The EU's comprehensive legislative package on the Digital Single Market and Artificial Intelligence will be included in the analysis when it enters into force. The project is expected to result in a monograph that will be published by the end of 2023.

Project description

It is a common misunderstanding that the territorial scope of EU law with regard to the protection of personal data would be conditioned on the actual location of the data packets concerned at a given time. However, there are two reasons why the location of data packets and processing infrastructure is irrelevant. First of all, only natural and legal persons qualify as legal entities, and even if algorithms learn and refine their decision-making processes, law as we know it is an empty blow against the machines. Hence, the territorial scope of law is determined by the place where the natural or legal persons concerned are, as opposed to the location of servers, terminal devices or other data processing equipment.

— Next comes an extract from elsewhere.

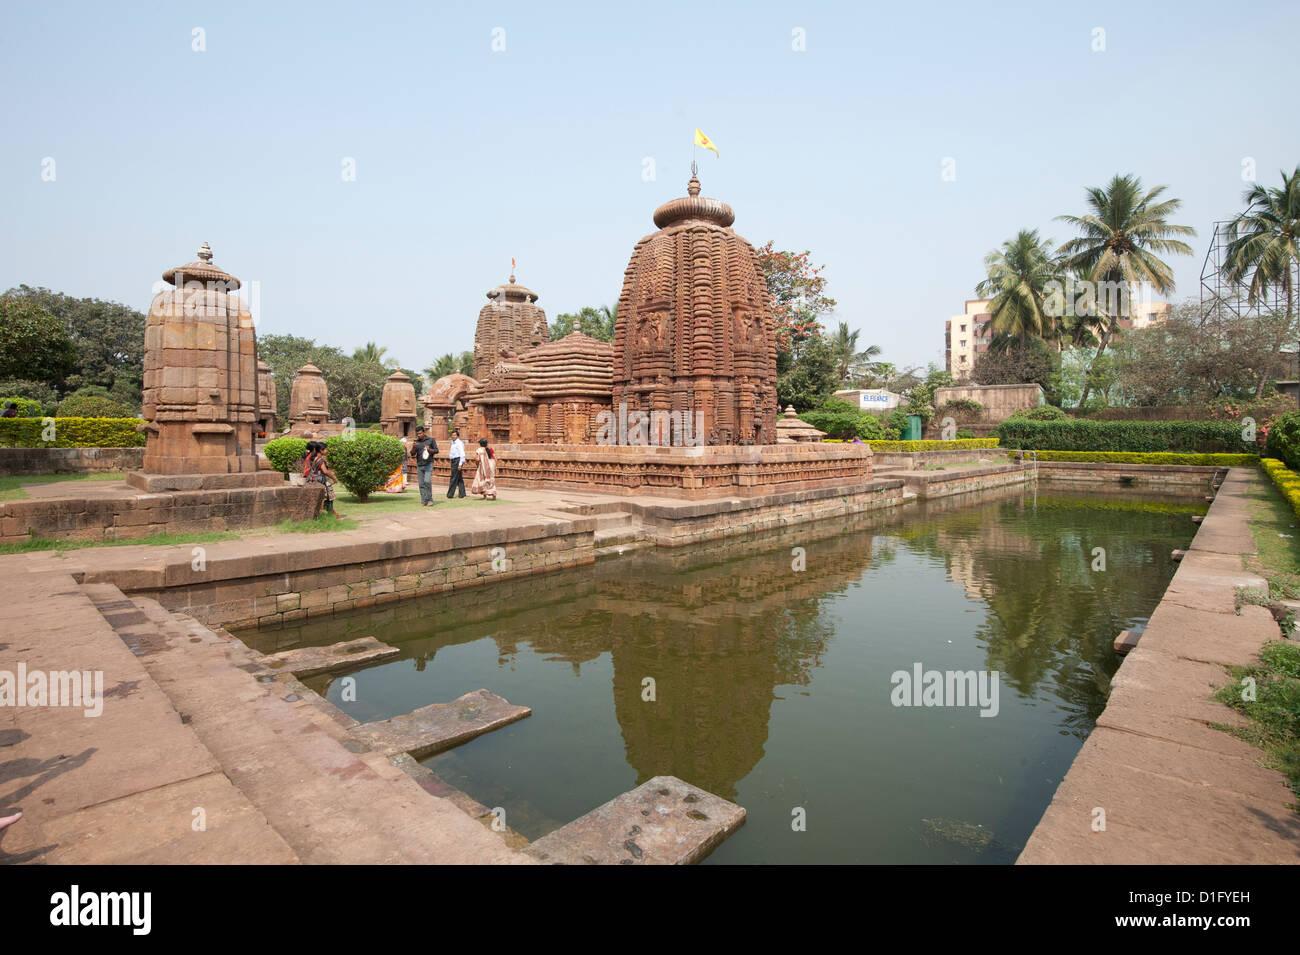 Tank of the 10th century Muktesvara temple complex, early example of Nagara architecture, Bhubaneshwar, Orissa, - Stock Image

Secondly, the internet infrastructure allows automatic allocation of tasks in computer networks across the globe, and it is often difficult to back-track the location of data packets at a given time. Even if machines where accepted as legal entities, the territorial scope of EU law (or any other legal order) would be arbitrary in case the location of data packets would be the decisive criterion for applicability.

If either the data subject or an undertaking involved in the processing activity is in a Member State at the given time, it follows from the general effect criterion that EU law applies with regard to the data processing. Indeed, the fear of “extraterritorial applicability” or “legal colonisation” that results from the lack of a systematic analysis, is rebutted by the link to the Union that is required for EU law to apply. In fact, overlapping legal regimes in cyberspace is less of a problem than lawless internet domains. After all, regulation hinges on the possibility to enforce legal rights, and in that connection the Union seeks to ensure an adequate level of data protection and access to remedies also in third countries. As the European Court of Justice has annulled the European Commission’s decisions that cleared the US data protection regime in two seminal cases, the limelight moves to other bases for data transfers. Besides the general framework for data protection, the project addresses international trade agreements. Since the data subject is also a consumer of digital (platform) services in the context of e-commerce, the EU system for enforcement of consumer rights is investigated as an alternative route to justice. Whereas data processing by some platforms enable meetings between natural and legal persons far apart, other platforms make meetings between man and autonomous machines in real life possible. In order to channel the forces of commerce towards the objectives of the Union, competition law intervention against conduct with regard to processing of personal data may ultimately be necessary.       
 

Project members

Project managers

Claes Granmar

Universitetslektor, docent

Department of Law
Claes Granmar

Publications

More about this project

Funding

The project began in 2018 at the Institute for European and Comparative Law (IECL), Oxford University, with scholarship funding from the Faculty of Law at Stockholm University, and continued thereafter at Melbourne Law School, Australia, with suport from a Docent Scholarship from Stockholm University.

Currently, the project is funded by the position as a associate professor at Stockholm University.

Related events and happenings

In June 2018, Claes Granmar organised an interdisciplinary conference on artificial intelligence and fundamental rights with scholars in the fields of law, social science and philosophy from Europe, Australia and Canada.

As a result of the multidimensional and fruitful discussions the anthology "AI and Fundamental Rights" was published.